Exercise details>
Every line of the data below is to be given again as it appears, with the images removed.
[[ Given data open ]]
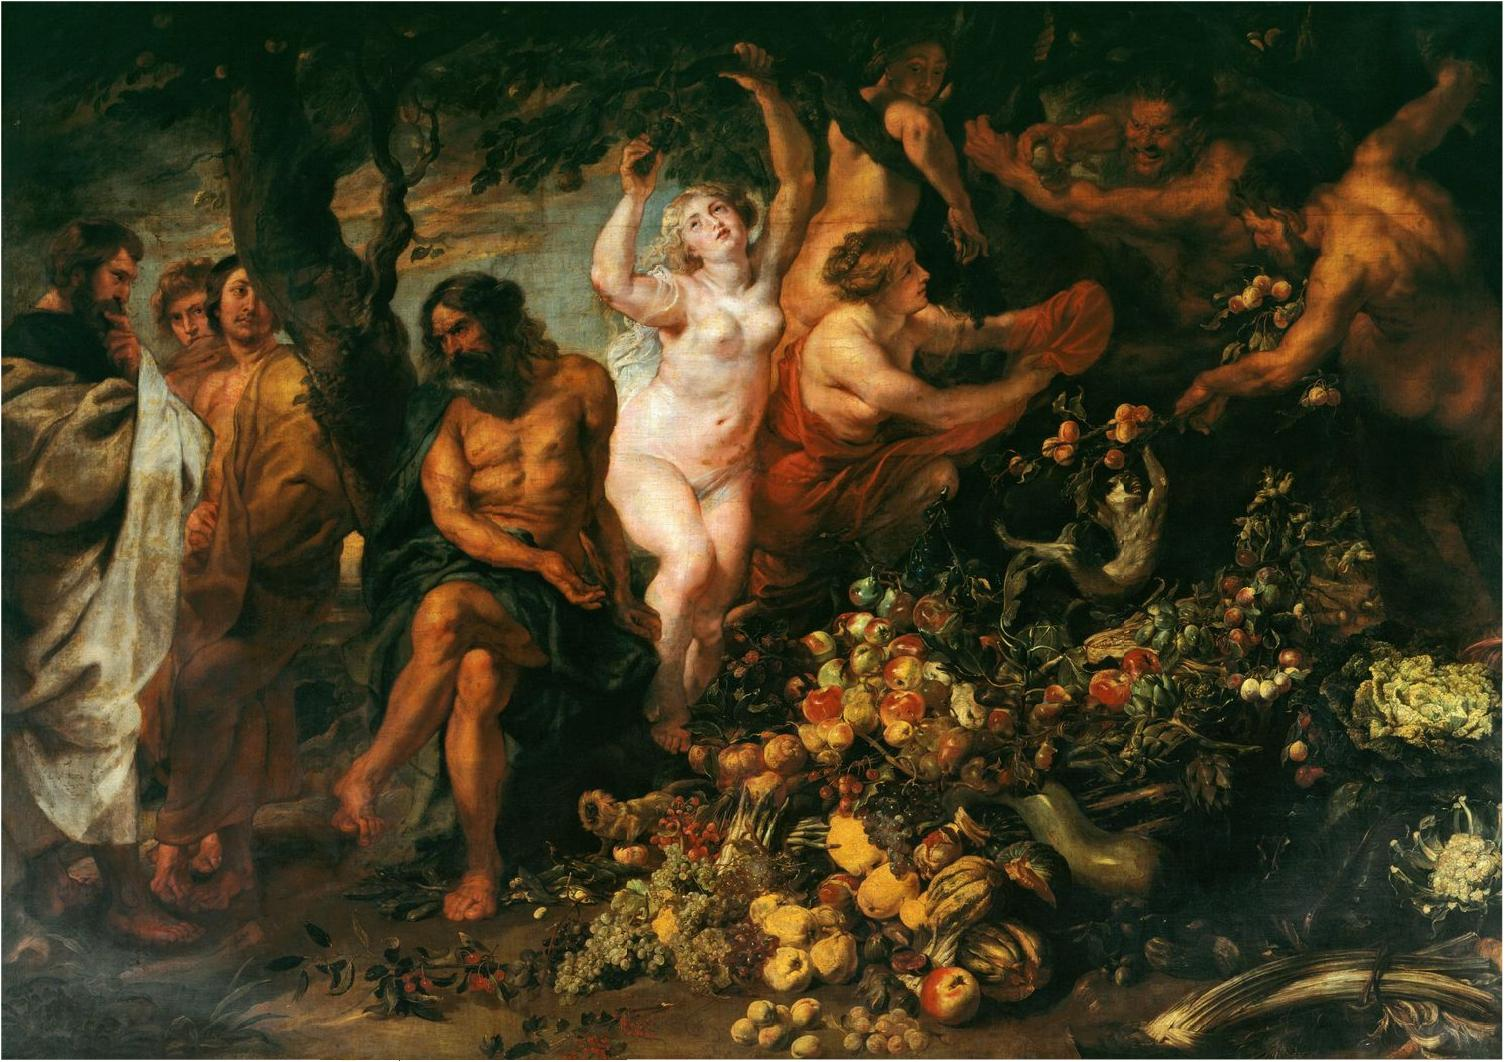 Peter Paul Rubens, Pythagoras advocating vegetarianism, 1618-20, Royal Collection
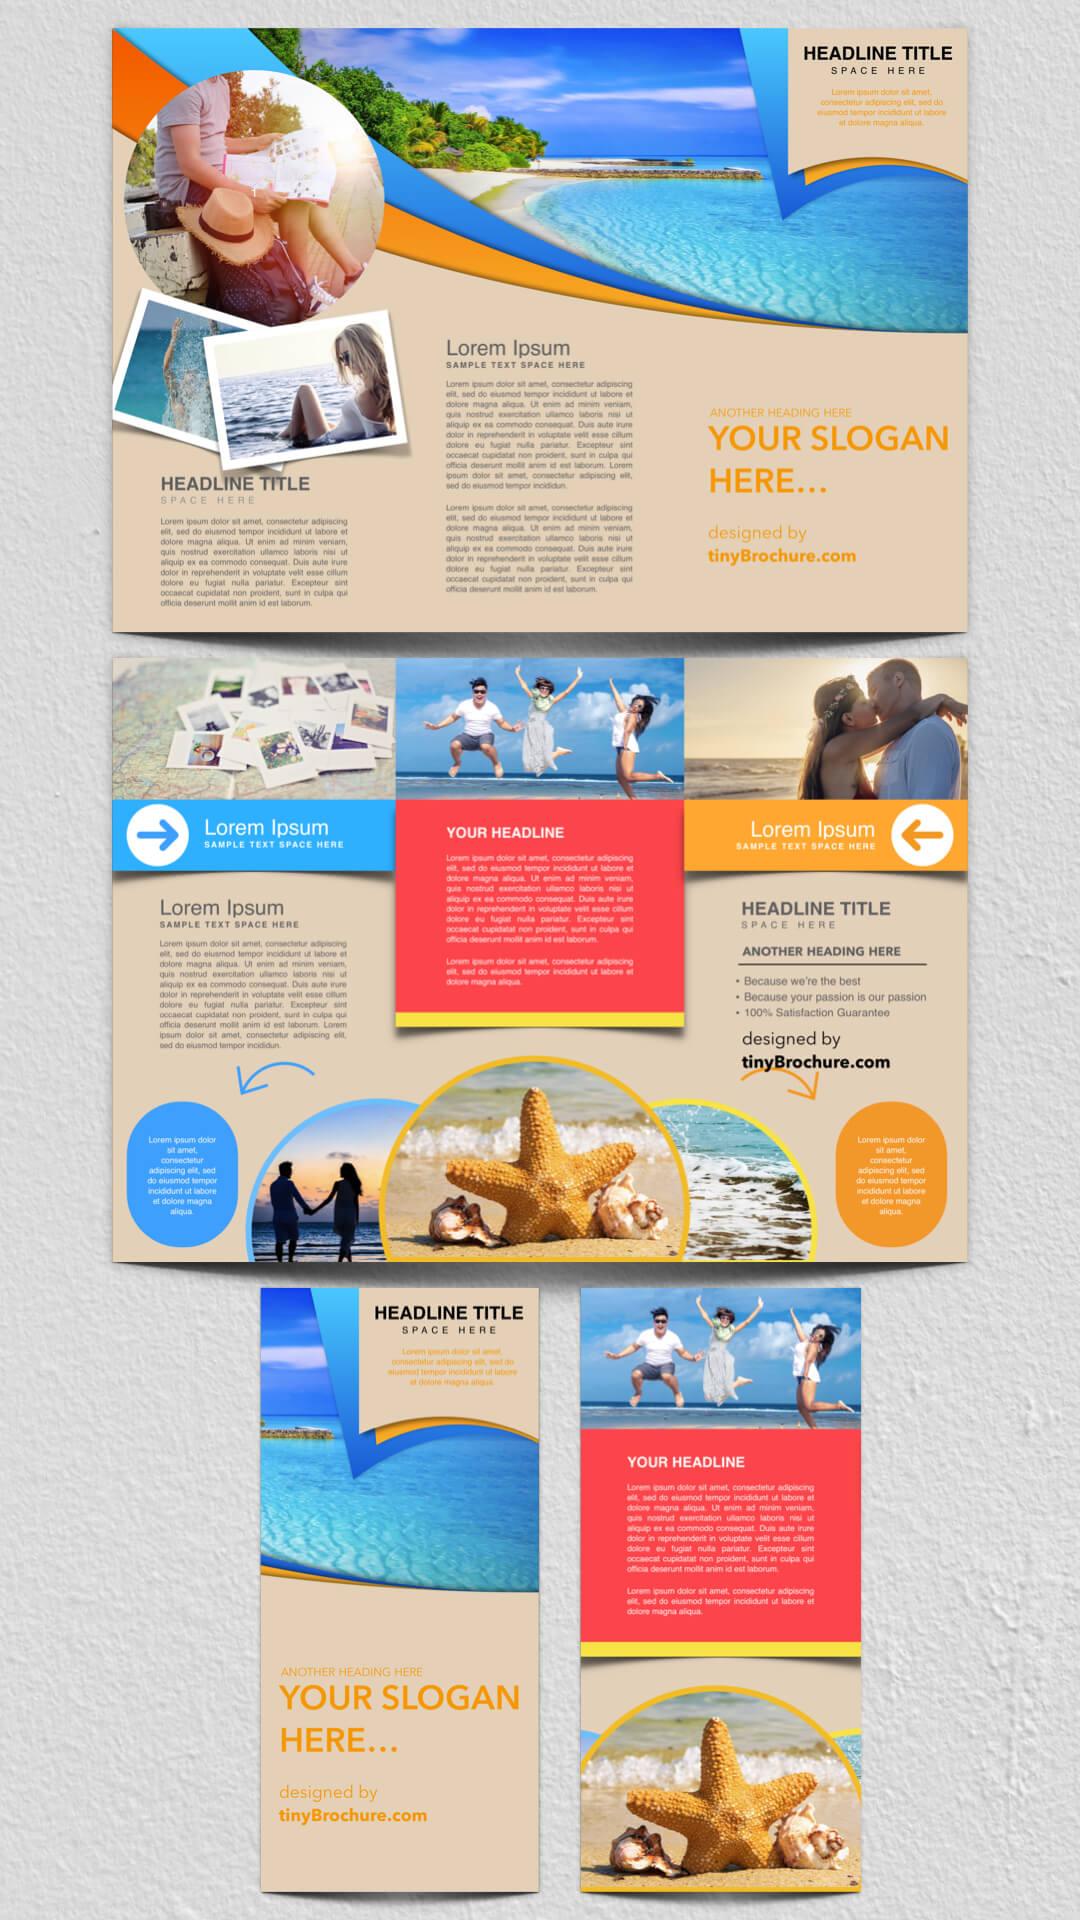 Travel Brochure Template Google Docs | Travel Brochure Inside Google Docs Travel Brochure Template
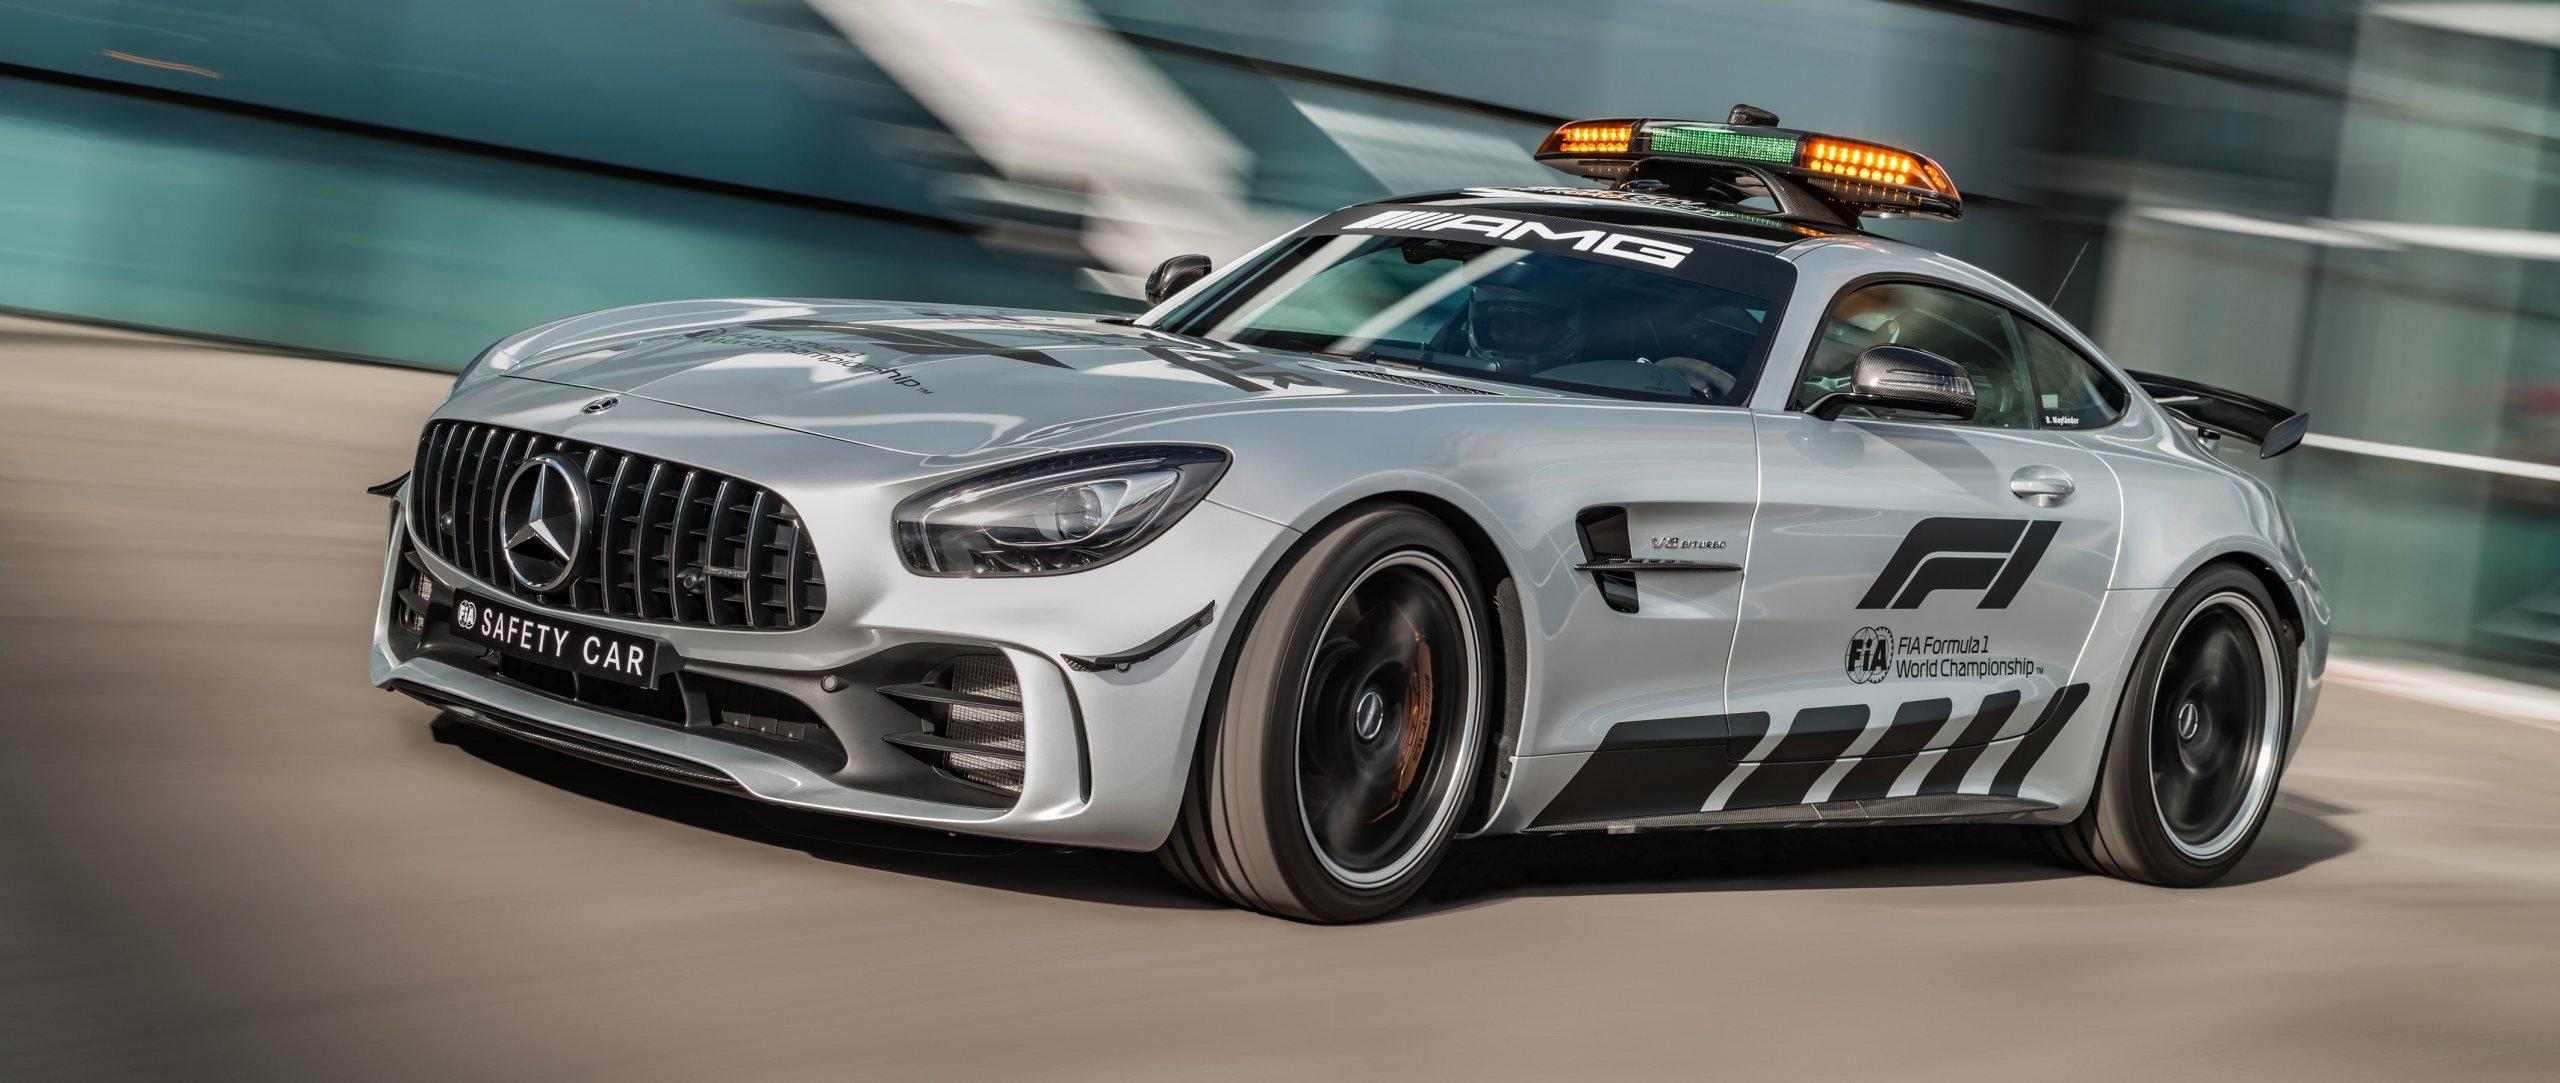 """Safety Car"" во Formula 1 ги здружува Aston Martin и Mercedes"
[[ Given data closed ]]
Exercise result>
 Peter Paul Rubens, Pythagoras advocating vegetarianism, 1618-20, Royal Collection
 Travel Brochure Template Google Docs | Travel Brochure Inside Google Docs Travel Brochure Template
 """Safety Car"" во Formula 1 ги здружува Aston Martin и Mercedes"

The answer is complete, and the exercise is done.